Джейн старалась изо всех сил, однако почти любое ее прикосновение причиняло Фрэнку не только удовольствие, но и боль. Она намазала ему нос белой мазью, после чего он стал напоминать клоуна, и Джейн захотелось рассмеяться в самый неподходящий для этого момент.
— Черт с ним, — внезапно прорычал он, — все надо делать правильно…
Приготовившись терпеть боль, которую причинял ему прямой контакт, Фрэнк опрокинул Джейн навзничь и медленными и осторожными движениями довел до желанного оргазма. Но достичь удовлетворения ему самому оказалось куда труднее, чем он рассчитывал. Самая нежная из ласк Джейн ощущалась слишком остро, чтобы ее можно было вытерпеть. В довершение беды оба они перемазались в креме с головы до ног и стали скользкими, как два угря.
— У нас есть еще завтрашнее утро, — наконец сказал он со вздохом и вытянулся на простынях.
Джейн жалела лишь о том, что не сумела заставить его кончить. Сама же она была полностью удовлетворена. Ей хотелось только одного: закрыть глаза и отправиться в страну снов. Стараясь не причинить Фрэнку новой боли, она поцеловала его, пожелав доброй ночи.

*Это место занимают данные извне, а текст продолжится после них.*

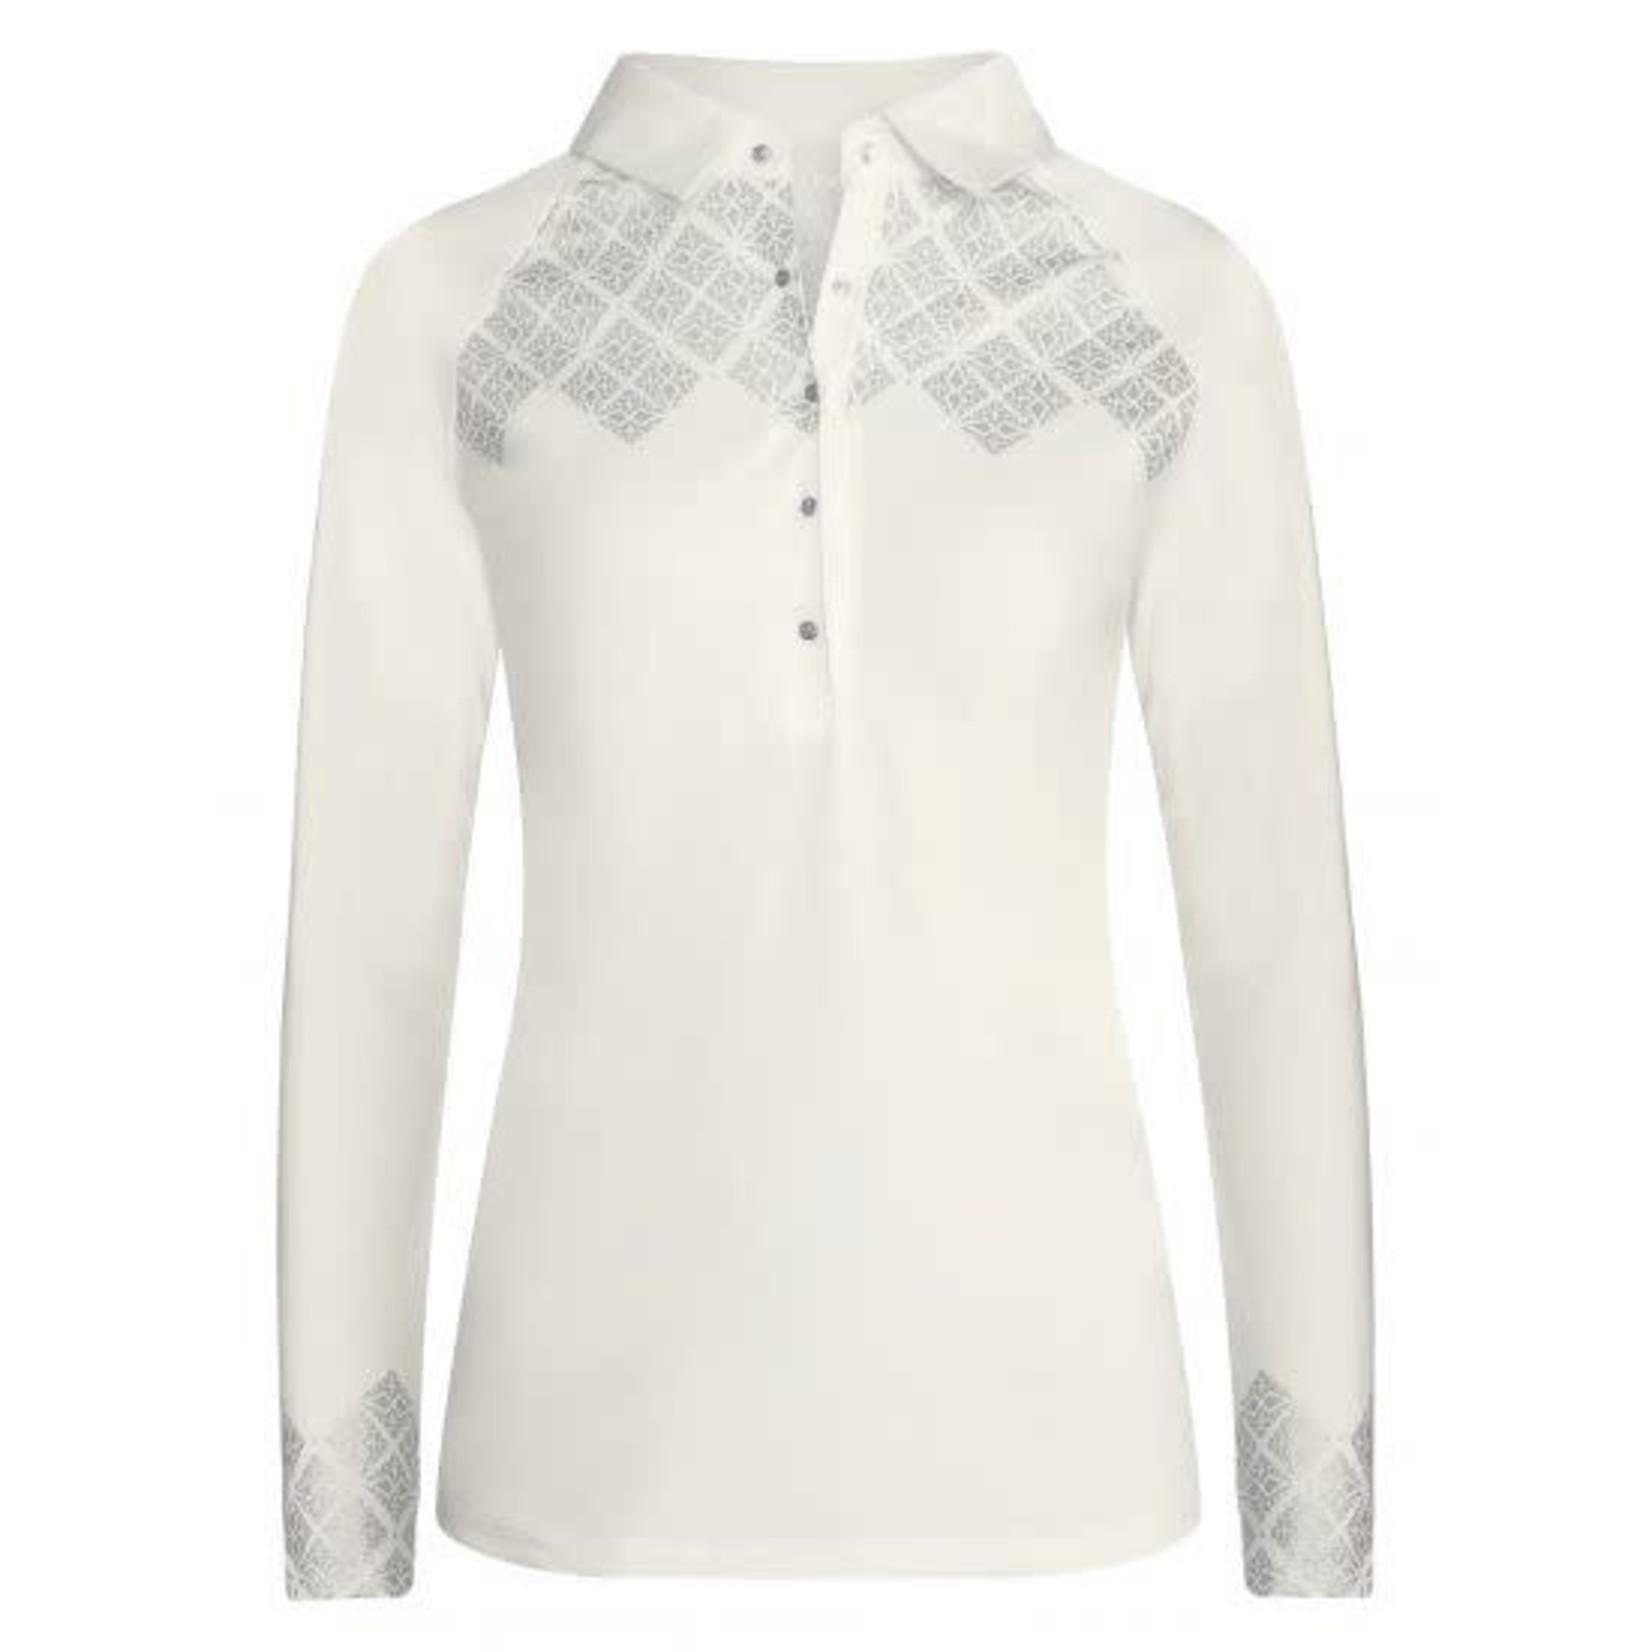 Rohnisch Rohnisch Tina Ls Poloshirt

Устав метаться и ворочаться в поисках удобной позы, после полуночи Фрэнк встал и включил телевизор. Джейн то просыпалась, то снова засыпала, пытаясь не слышать жалоб на серость местной программы и регулярных сообщений о состоянии его ожогов.
В конце концов Джейн не выдержала, села на кровати и устроила первую в их совместной жизни супружескую ссору.
— Слушай, ты не мог бы помолчать, пока я сплю? — спросила она. — Пожалуйста!
12
На следующий день они, измотанные бессонной ночью, стояли в очереди на таможню, дюйм за дюймом подталкивая ногами багаж. Не успел Фрэнк с Джейн добраться до ворот, как в громкоговорителе что-то крякнуло, и невидимый диктор объявил, что в связи с поломкой кассового аппарата компания не может гарантировать пассажирам заранее приобретенные места. Это означало, что на одно место могли продать два билета.
— Пожалуйста, занимайте первые же свободные кресла, — повторил диктор.
На трапе возникла толчея, в результате которой Фрэнк и Джейн потеряли друг друга. Фрэнк очутился в центральном салоне. Следующее свободное кресло было далеко впереди. Опустившись рядом с каким-то строгим бизнесменом, Джейн довольно вздохнула, приняла две таблетки аспирина от головной боли и задремала.